If you are not familiar with Samza's state management or a "stream join" term you should take a look into Samza's [State Management](../../documentation/{{site.version}}/container/state-management.html).
This tutorial follows the example described [here](../../documentation/{{site.version}}/container/state-management.html#stream-stream-join-example).
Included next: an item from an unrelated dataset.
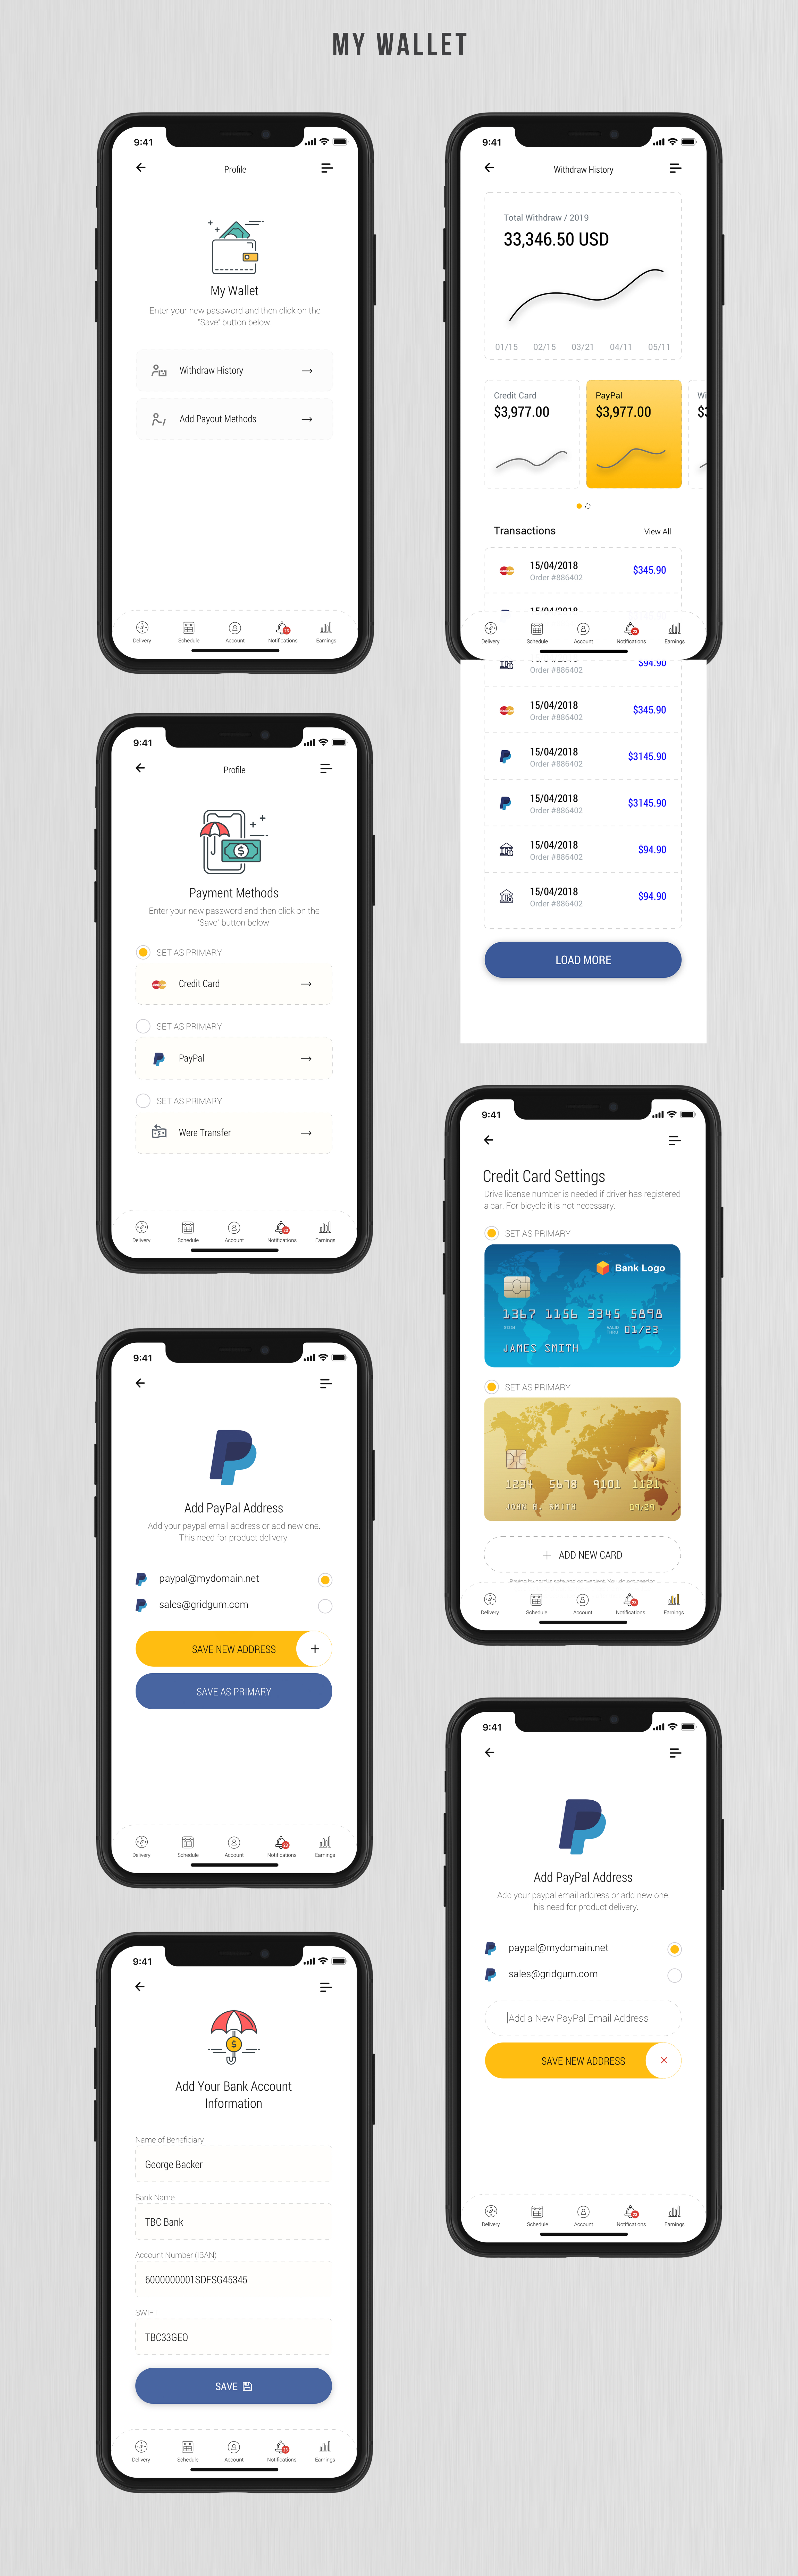 Dobule - Food Delivery UI Kit for Mobile App - 24

### Produce some ad events

Before producing ad impression and click events, we assume that you already got Hello Samza code, started Samza grid and built a Samza job package. If not, check [hello-samza's](../../../startup/hello-samza/{{site.version}}/) first three steps.
In this example we will rely on Kafka system. Before running the job you need to create kafka topics that you will be using.
We made a script that will create all required kafka topics and start producing raw ad impression and click events. It produces to localhost:9092 as the Kafka broker and uses localhost:2181 as zookeeper.
Raw ad impression and click events look like this:

{% highlight bash %}
impression-id=1 type=impression advertiser-id=1 ip=111.111.111.* agent=Chrome timestamp=2017-01-01T00:00:00.000
impression-id=1 type=click advertiser-id=1 ip=111.111.111.* agent=Chrome timestamp=2017-01-01T00:00:14.234
{% endhighlight %}

Make sure you navigate to the root hello-samza directory and run the script

{% highlight bash %}
bin/produce-ad-event-data.sh
{% endhighlight %}

### Run Samza jobs

Now that you are producing raw ad events, you need to partition them by their impression ID. To do so, run the ad-event-feed job.

{% highlight bash %}
bin/run-job.sh --config-factory=org.apache.samza.config.factories.PropertiesConfigFactory --config-path=file://$PWD/config/deploy/samza/config/ad-event-feed.properties
{% endhighlight %}

Now you have partitioned ad impressions and ad clicks into 4 partitions each. Second Samza job will consume them and build joined events that join raw events and calculate passed time between impression and click event.

{% highlight bash %}
bin/run-job.sh --config-factory=org.apache.samza.config.factories.PropertiesConfigFactory --config-path=file://$PWD/config/deploy/samza/config/ad-event-join.properties
{% endhighlight %}

### The result

Check out messages produced by jobs with

{% highlight bash %}
deploy/kafka/bin/kafka-console-consumer.sh --zookeeper localhost:2181 --topic ad-imp-metadata
deploy/kafka/bin/kafka-console-consumer.sh --zookeeper localhost:2181 --topic ad-clk-metadata
deploy/kafka/bin/kafka-console-consumer.sh --zookeeper localhost:2181 --topic ad-join
{% endhighlight %}

You can also produce events manually like this. For instance, following lines will produce one join event.

{% highlight bash %}
deploy/kafka/bin/kafka-console-producer.sh --broker-list localhost:9092 --topic ad-impression --property key.separator=, --property parse.key=true
11,impression-id=11 type=impression advertiser-id=1 ip=111.111.111.* agent=Chrome timestamp=2017-01-01T12:00:00.000
{% endhighlight %}
{% highlight bash %}
deploy/kafka/bin/kafka-console-producer.sh --broker-list localhost:9092 --topic ad-click --property key.separator=, --property parse.key=true
11,impression-id=11 type=click advertiser-id=1 ip=111.111.111.* agent=Chrome timestamp=2017-01-01T13:13:35.404
{% endhighlight %}

Congratulations! You have successfully run steam-stream join example implemented with Samza's key-value stores!